Baptism Now Saves Us

The apostle Peter writes certain words about baptism that are strange to our ears and that we might be reluctant to say. Some quote these words in defense of their doctrine of baptism, for they believe that baptism saves. The Reformed must not be shy about this text, for, it too, is given by inspiration of God, and is profitable—when properly understood, of course! Peter writes, “Baptism doth also now save us” (1 Peter 3:21). Salvation in baptism!
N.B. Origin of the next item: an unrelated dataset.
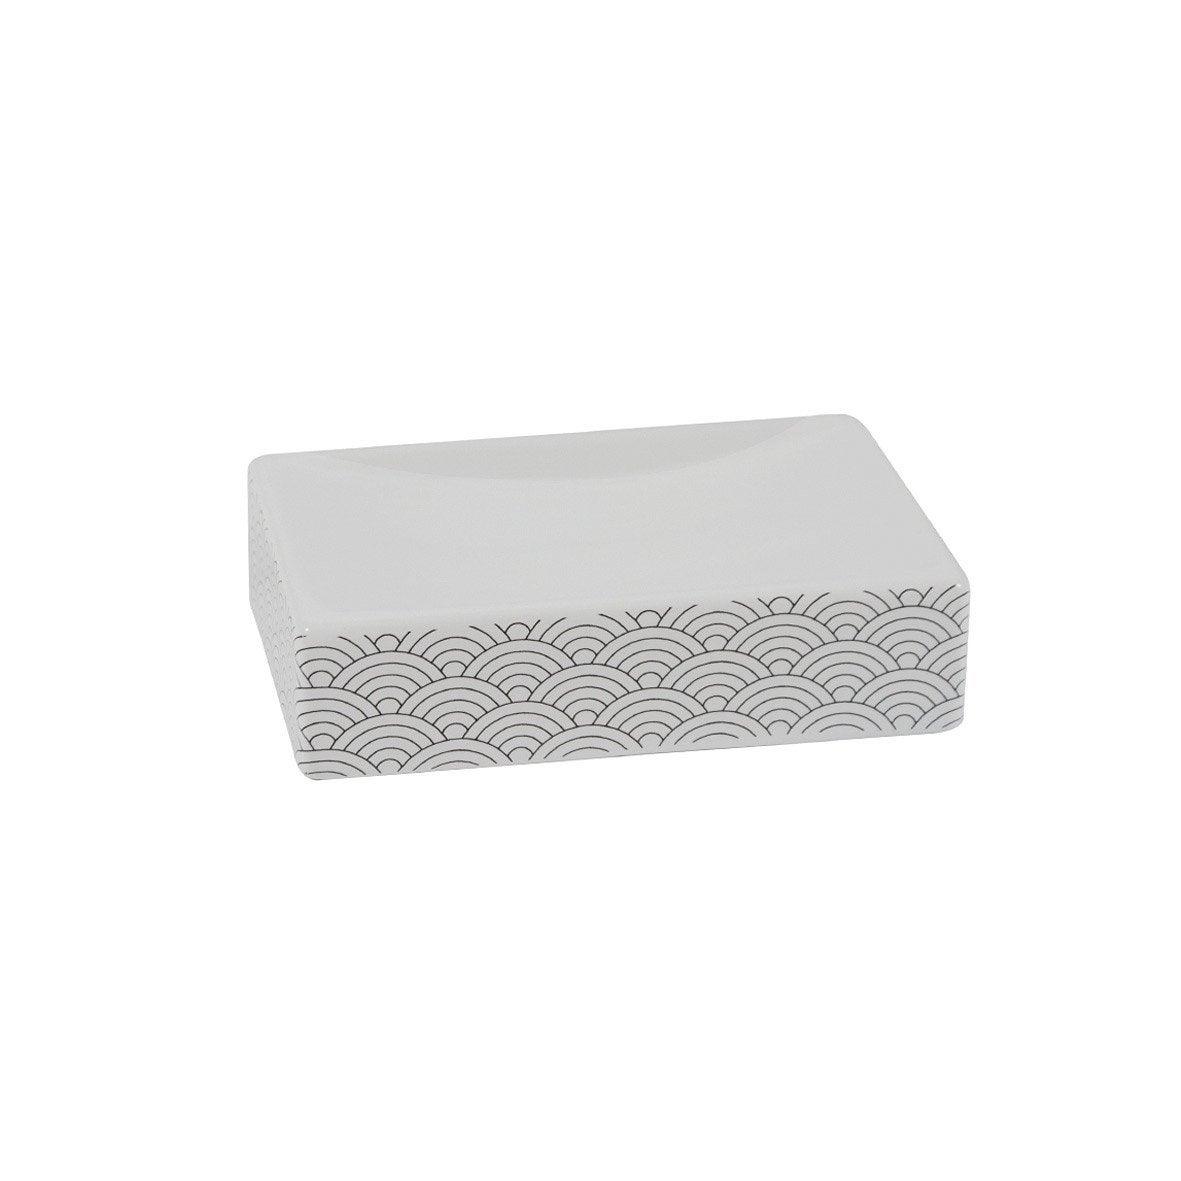 Porte-savon céramique Okino, noir et blanc

By carefully studying the text, we ward off wrong notions, but we also derive the meaning that the Holy Spirit would give.

And in so doing we shall have a better understanding of baptism and appreciation for baptism.

In 1 Peter 3 the apostle makes a comparison between the flood of Noah and baptism: “the like figure whereunto baptism doth also now save us” (v. 21). The antecedent of “whereunto” is the water of the flood in verse 20. The flood, therefore, was a type for the word “figure” in verse 21 is the Greek word “antitype.” Since the flood was the type, there is also an antitype or corresponding reality, for an antitype is the New Testament fulfillment of an Old Testament type. Already we should see that a bald reading of the text, “Baptism saves us,” will lead us astray. To understand the Spirit’s meaning here, we need to examine the relationship between the type and the antitype.

A type is an object, event, person, or action in the Old Testament that foreshadows or points to a greater reality in the New Testament. For example, David is a type of Christ; Canaan is a type of heaven; and the destruction of Sodom and Gomorrah is a type of the judgment of the wicked on the last day. The New Testament identifies two types of baptism from the Old Testament: the crossing of the Red Sea, the example expounded by Paul in I Corinthians 10; and the flood, the example explained by Peter in 1 Peter 3. There is, therefore, in these two historical events from the Old Testament something that corresponds to, points to, and foreshadows baptism in the New Testament. To understand 1 Peter 3:21, therefore, we must identify what the correspondence is.

Moreover, it is very important when studying typology to identify the point of comparison. Many violate this rule, for in typology they allow their imagination to run wild, finding typology in the Bible where there is none. Bear in mind that (1) there are only a few types, which are clearly designated as such in the New Testament; and (2) we must not seek for typology in every detail of the type. These rules are ignored; for example, if you have ever read books about the tabernacle, you will see this: expositors seeking for typology in every knop, board, and pin of the tabernacle, but missing the main point of comparison, fellowship with God in Jesus Christ!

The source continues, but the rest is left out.